Perhaps this should not be surprising. Across the biological spectrum, many organisms survive with only rudimentary nervous systems. While a human brain might be what makes human life worth living, it is not necessary for sustaining biological life. Cases of prolonged biological survival after a diagnosis of brain death happen regularly. Jahi McMath survived for almost 5 years—supported with tube feedings, mechanical ventilation, and occasional hospitalization. She lived with her family in their apartment, where she grew and went through puberty.4,5 More recently, a woman was found to be 9 weeks pregnant after she was pronounced brain dead following a traffic accident.12 After several months in the ICU, she vaginally delivered a healthy baby boy and then, remarkably, also donated organs for transplantation. It simply defies the laws of biology to think that any organism could give birth to offspring several months after being biologically dead. It may not be surprising at all, however, if we recognize that she was alive during that time, albeit with a severe and nonrecoverable brain injury.

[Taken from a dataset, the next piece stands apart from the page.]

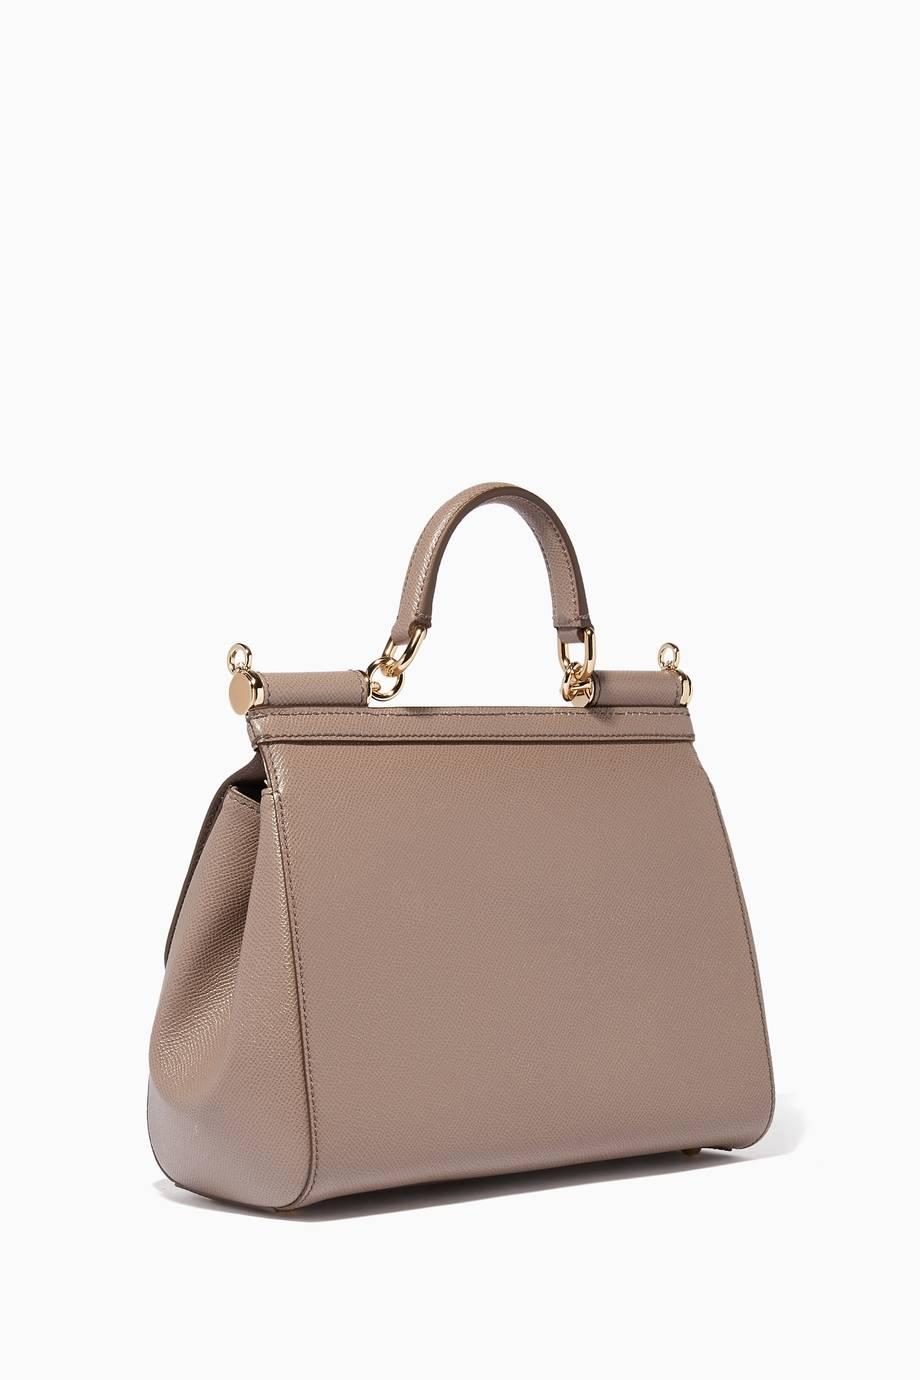 c946d32212 Shop Luxury Dolce   Gabbana Grey Medium Dauphine Leather Miss ...
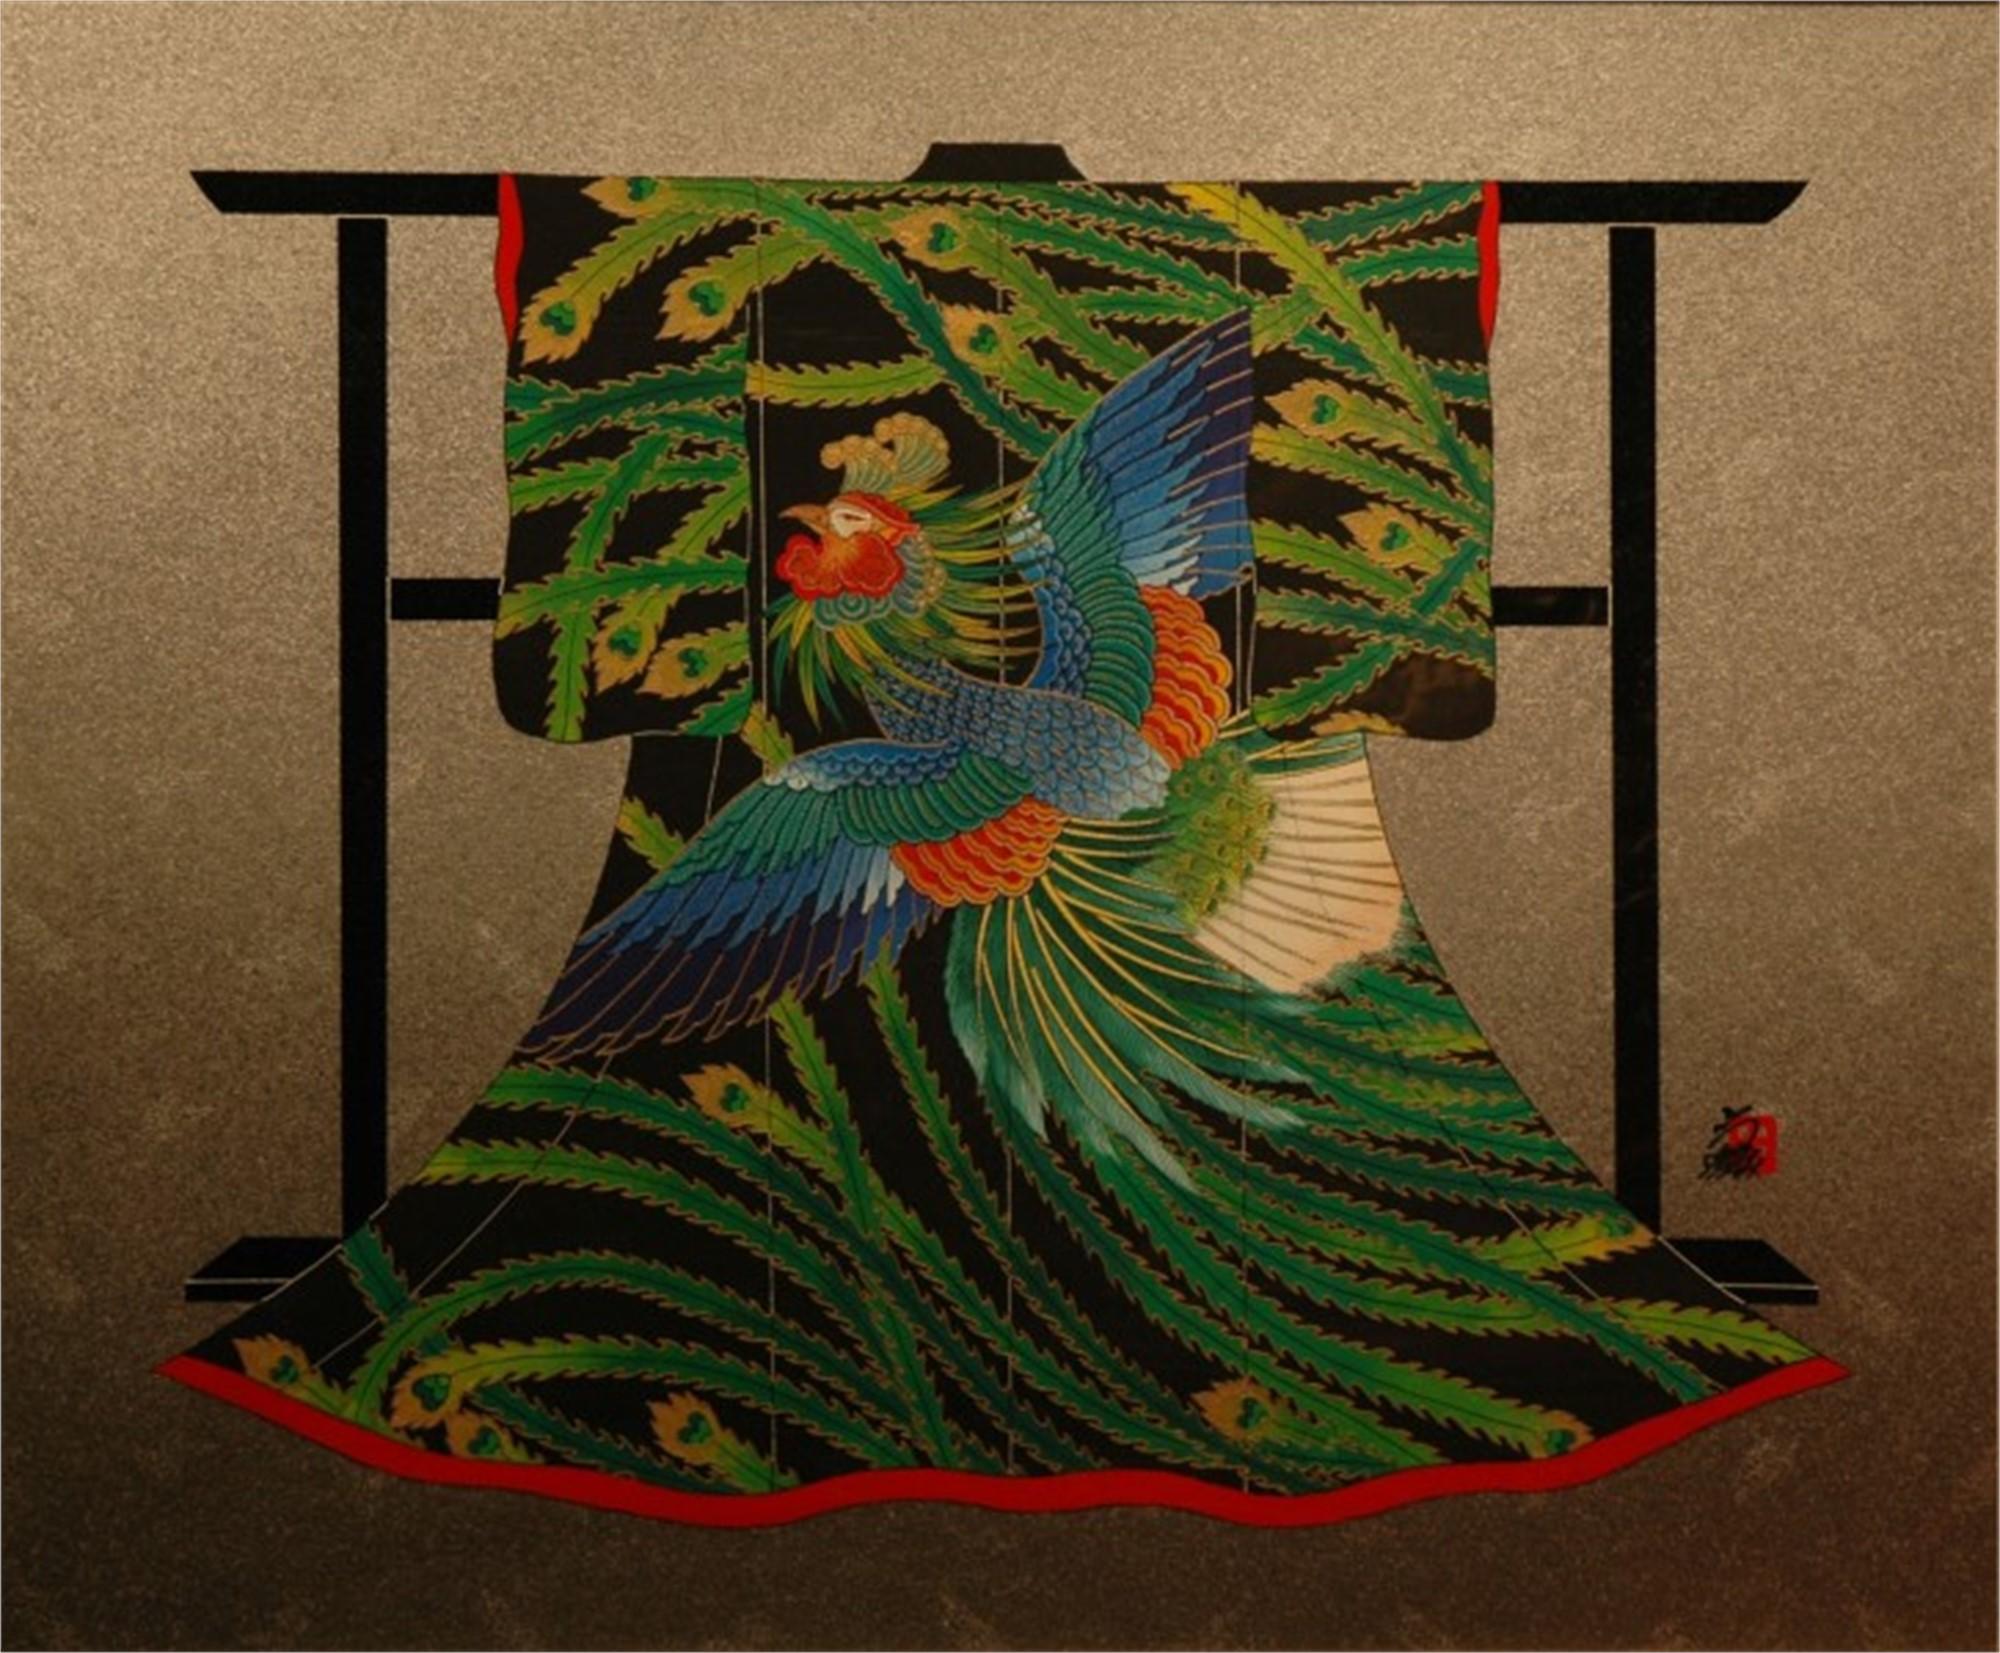 Phoenix by Hisashi Otsuka

One might ask why these cases are not more common. One answer is that a diagnosis of brain death is almost always a self-fulfilling prophesy. That is, once testing is complete, a physician completes a death certificate, and the patient’s family can then choose to donate their loved one’s organs or terminate ventilation, pathways that both lead rapidly to biological death. Most families have no desire to prolong the biological life of a loved one who will never recover consciousness. But in the rare cases in which families refuse to accept a brain death diagnosis and mechanical ventilation is continued, we should not be surprised when prolonged biological survival is the outcome.

Explaining What Death Is

If brain death is not biological death, then what is it? Brain death unquestionably involves an exceedingly severe brain injury. Although there is some debate (beyond the scope of this article), most neurologists believe that brain death represents a state of irreversible apneic unconsciousness. In other words, when a patient is correctly diagnosed as brain dead, we can be highly confident—even if not absolutely certain—that a brain-dead patient will never regain consciousness or be able to breathe on their own. So, how should Dr F explain this to BJ’s parents? Let me suggest 3 approaches that I think could be helpful.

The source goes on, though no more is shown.